Обида и злость застряли в сознании и памяти: во всем виновата «коммунячья» страна. Это не совсем так. Быть может, Плисецкая и по сей день не догадывается, что «невыездной» она стала благодаря своей доброй фее - все той же Лиле Юрьевне Брик, которая всегда была в курсе диссидентских помыслов театрально-литературной элиты, выделяя в отдельную разработку «сольные партитуры» Большого.
Театр на Таганке, к примеру, ее не интересовал - бегите хоть вы все там вслед за бездарным говоруном Любимовым. Кому и где они нужны, кроме всеядной Москвы?
Никому и нигде. Потому и не бежали. И за Ленкомом догляд не требовался. Кто такой Марк Захаров? Никто. И хорошо чувствует это, а еще лучше понимает, что там «Юнону» на авось не поставишь. А вот с трескучим апломбом Большого - глаз да глаз. У Лилички Брик глаз был зоркий. Плюс холодная голова, горячее сердце и относительно чистые руки. В НКВД это ценили.
Вместе - дружная семьяУютное гнездышко Лили Юрьевны с чьим-то, бесспорно, командорским присутствием было заведением привлекательным и удобным с любой точки зрения - богемной, надзирающей... Некогда блистательно осуществившая постановку трагического финала последней любовной драмы Володички Маяковского она тонко сочетала личные вожделения с интересами государственными, о чем с непоправимым опозданием для себя узнавали ее бессчетные мужья и номенклатурные любовники, которых она социальной справедливости ради не разделяла даже условно.

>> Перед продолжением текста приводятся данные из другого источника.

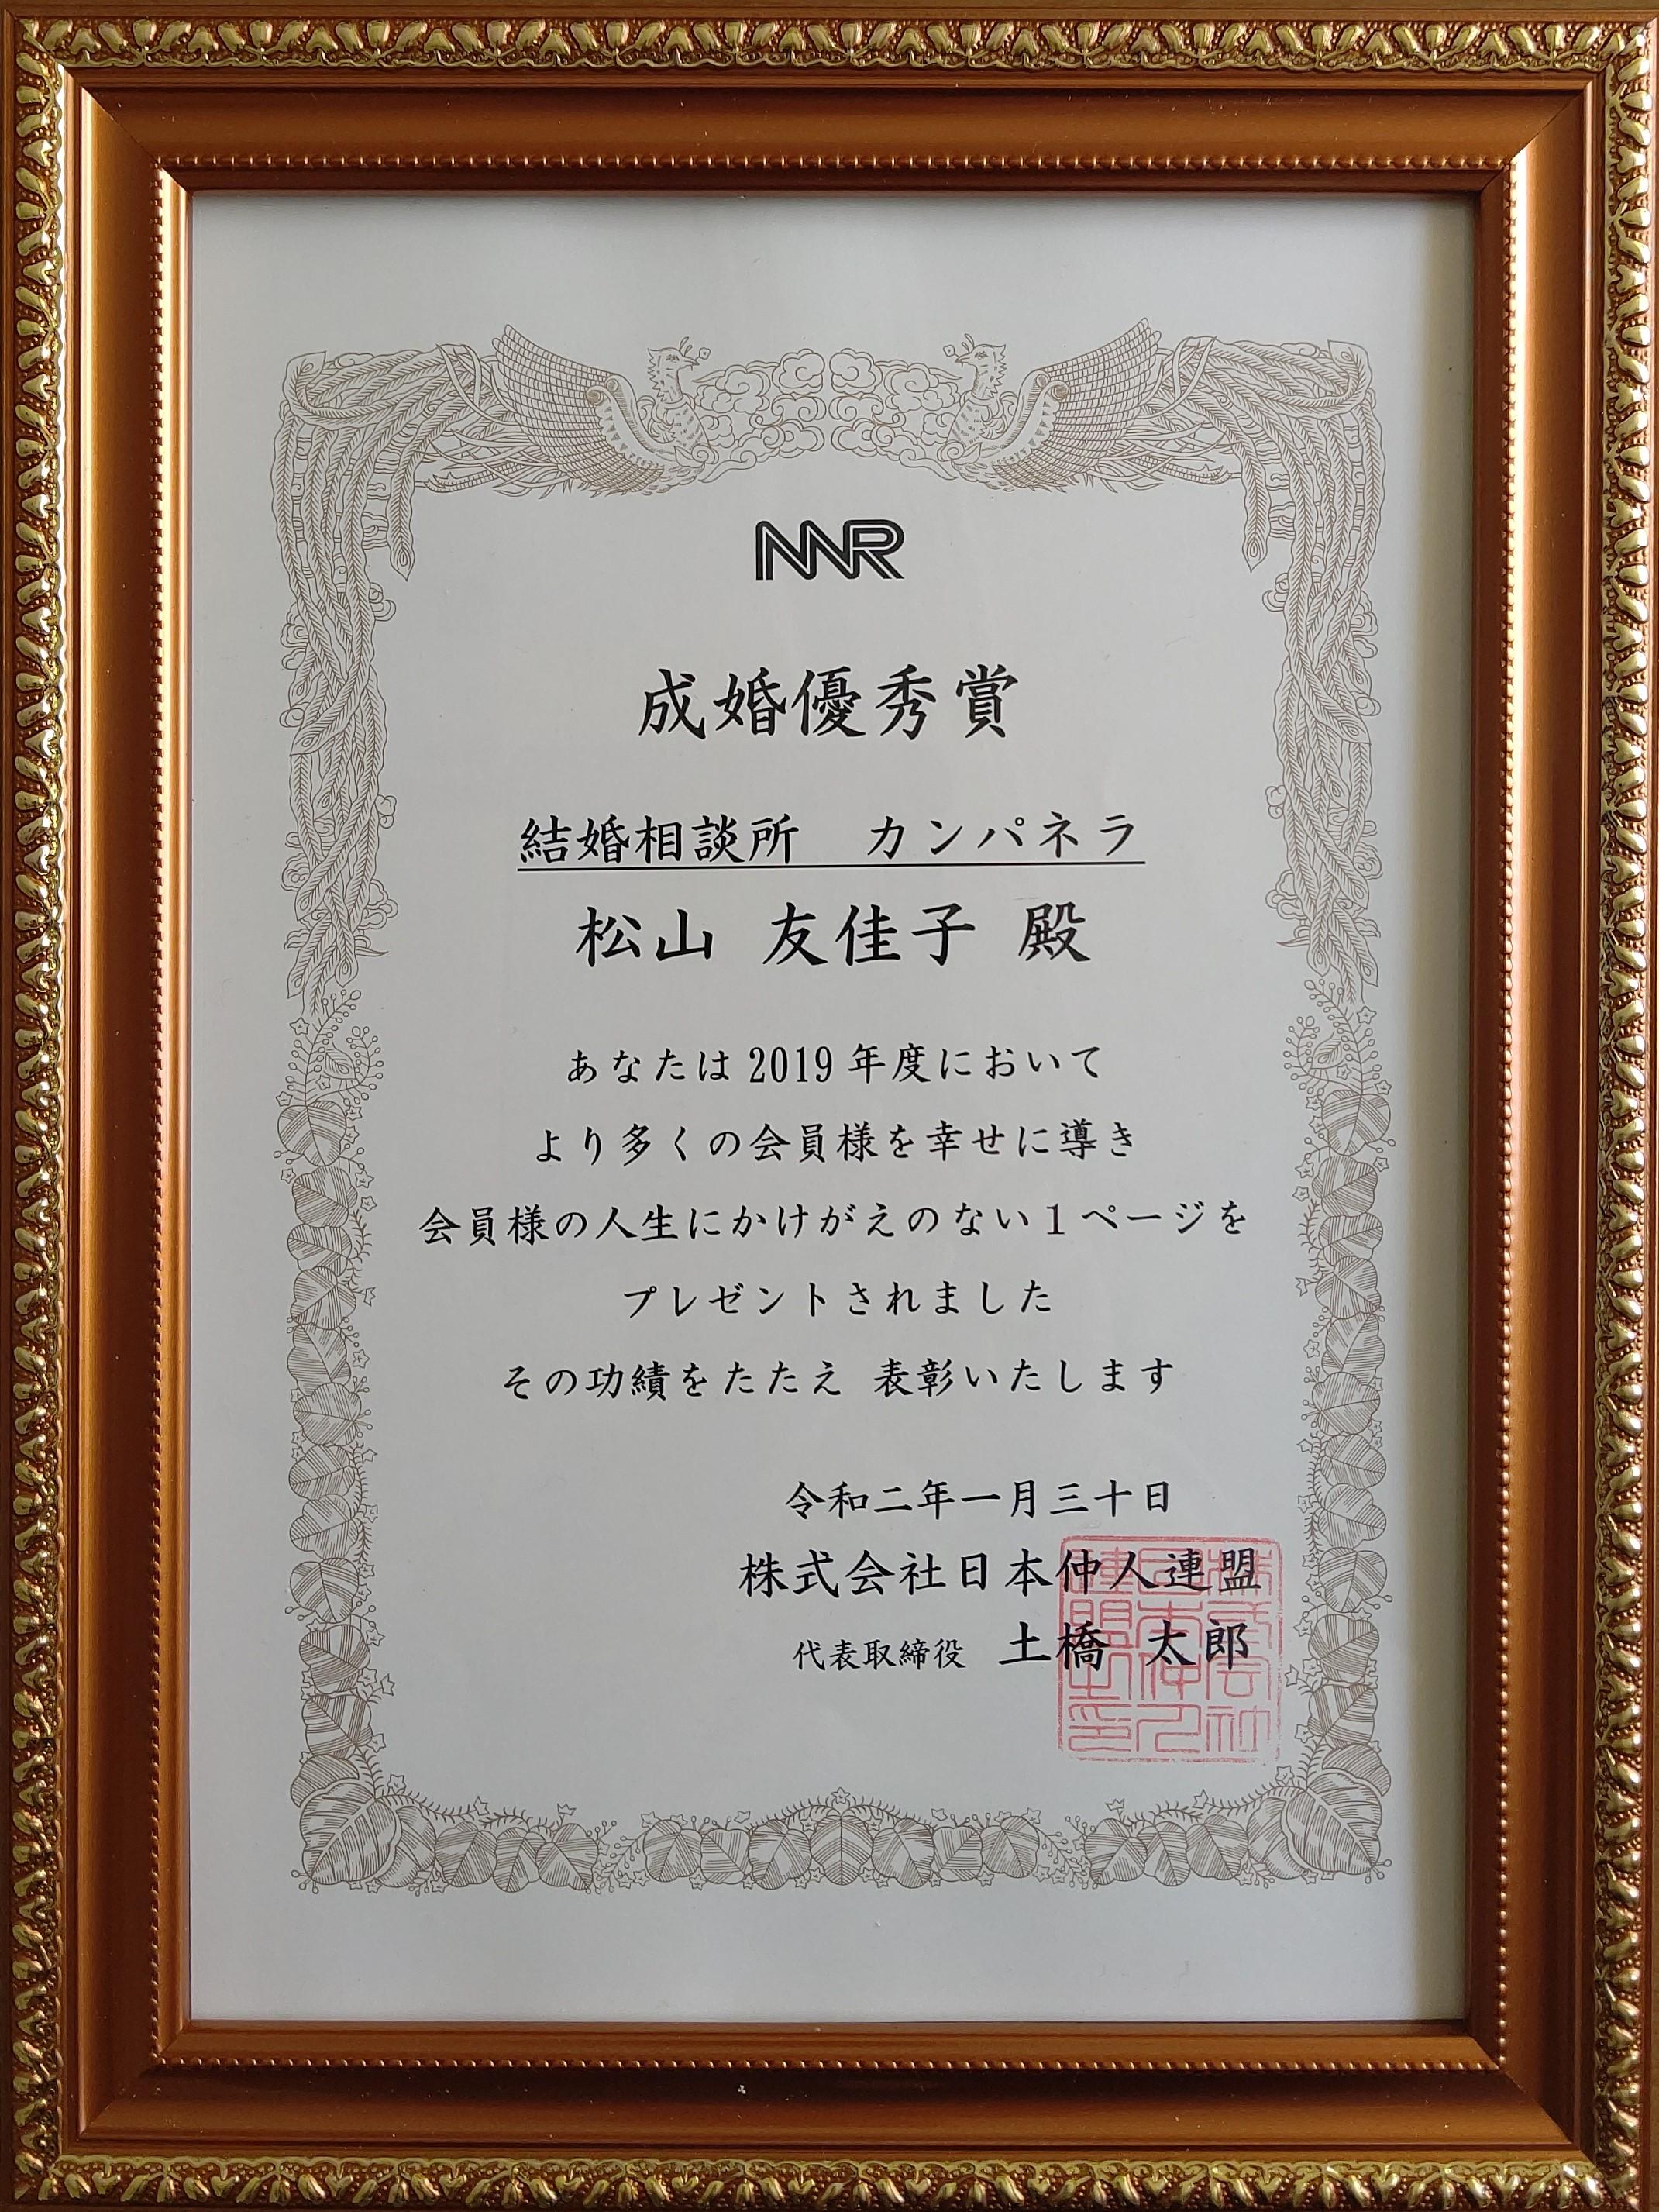 NNR成婚優秀賞 令和2年 カンパネラ 松山友佳子

Идеи свободы, равенства и братства Лиличка понимала по-своему - через породнение всех со всеми, что само собой исключало проявления чувственного эгоизма. «Ты права, Лиля, в постели Володя абсолютно неинтересен», - писала ей из Парижа родная сестра Эльза Триоле, урожденная Каган. Ну и что? Перед буквой ведомственной инструкции НКВД все равны, а незаменимых у нас никогда и не было.